New York Times, Story by, Anahad O’Connor


The beverage giants Coca-Cola and PepsiCo have given millions of dollars to nearly 100 prominent health groups in recent years, while simultaneously spending millions to defeat public health legislation that would reduce Americans’ soda intake, according to public health researchers.

The findings, published on Monday in the American Journal of Preventive Medicine, document the beverage industry’s deep financial ties to the health community over the past five years, as part of a strategy to silence health critics and gain unlikely allies against soda regulations.

The study’s authors, Michael Siegel, a professor at the Boston University school of public health, and Daniel Aaron, a student at Boston University’s medical school, scoured public records including news releases, newspaper databases, lobbying reports, the medical literature and information released by the beverage giants themselves. While some of the incidents cited in the study already have been reported by news organizations, the medical journal report is the first to take a comprehensive look at the industry’s strategy of donating to health organizations while at the same time lobbying against public health measures.
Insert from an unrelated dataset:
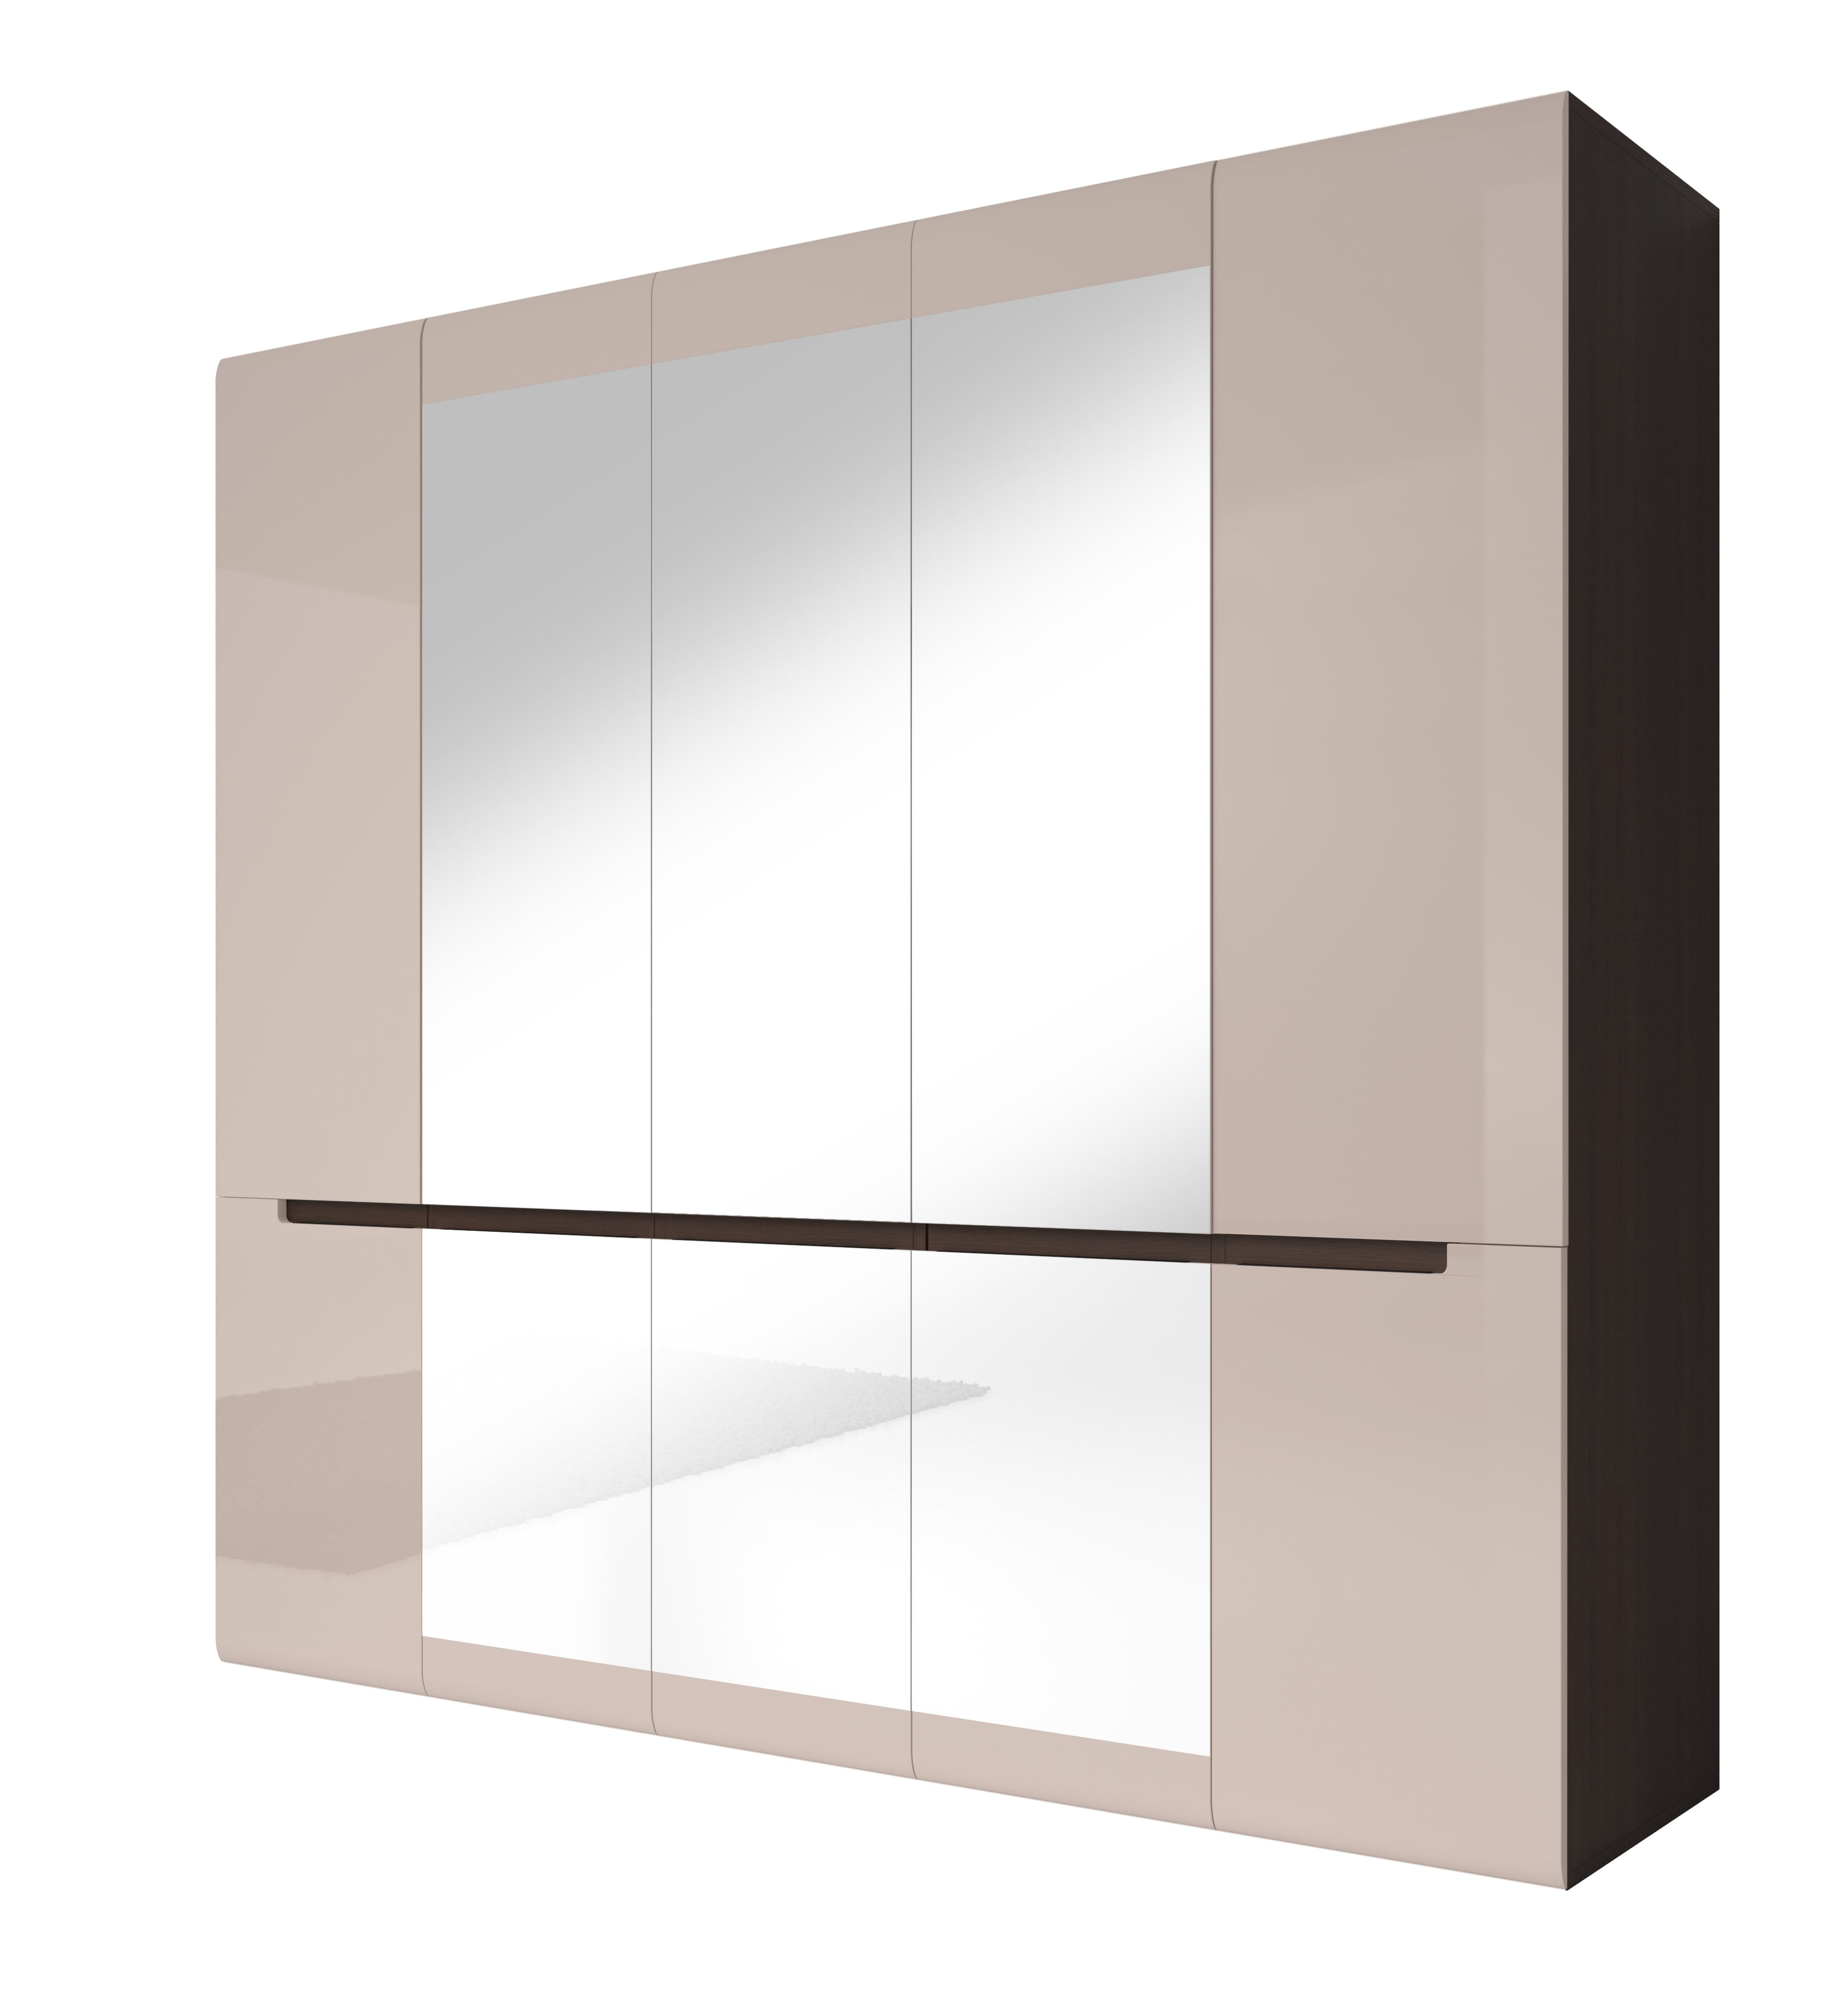 Šatní skříň - Hayle - Typ 21 (dub sonoma tmavá + šedý pískový lesk)

The study tracked industry donations and lobbying spending from 2011 through 2015, at a time when many cities were mulling soda taxes or other regulations to combat obesity.

“We wanted to look at what these companies really stand for,” said Mr. Aaron, the study’s co-author. “And it looks like they are not helping public health at all — in fact they’re opposing it almost across the board, which calls these sponsorships into question.”

Mr. Aaron said that the industry donations created “clear-cut conflicts of interest” for the health groups that accepted them.

The report found a number of instances in which influential health groups accepted beverage industry donations and then backed away from supporting soda taxes or remained noticeably silent about the initiatives.

In one instance cited in the study, the nonprofit group Save the Children, which had actively supported soda tax campaigns in several states, did an about face and withdrew its support in 2010. The group had accepted a $5 million grant from Pepsi and was seeking a major grant from Coke to help pay for its health and education programs for children.

Responding to the new research, Save the Children said, in a statement, that the group in 2010 had decided to focus on early childhood education, and that its decision to stop supporting soda taxes “was unrelated to any corporate support that Save the Children received.”

When New York proposed a ban on extra-large sodas in 2012, the Academy of Nutrition and Dietetics cited “conflicting research” and didn’t support the effort. The academy accepted $525,000 in donations from Coke in 2012. The following year it took a $350,000 donation from the company.

The academy said it no longer has a sponsorship relationship with the beverage firms.

The N.A.A.C.P. and the Hispanic Federation have publicly opposed anti-soda initiatives despite disproportionately high rates of obesity in black and Hispanic communities. Coke made more than $1 million in donations to the N.A.A.C.P. between 2010 and 2015, and more than $600,000 to the Hispanic Federation between 2012 and 2015. The groups did not respond to requests for comment.

“The beverage industry is using corporate philanthropy to undermine public health measures,” said Kelly D. Brownell, dean of the Sanford School of Public Policy at Duke, who was not involved in the new research.

The American Diabetes Association accepted $140,000 from the company between 2012 and 2014. The American Heart Association received more than $400,000 from Coke between 2010 and 2015. And the National Institutes of Health received nearly $2 million from Coke between 2010 and 2014.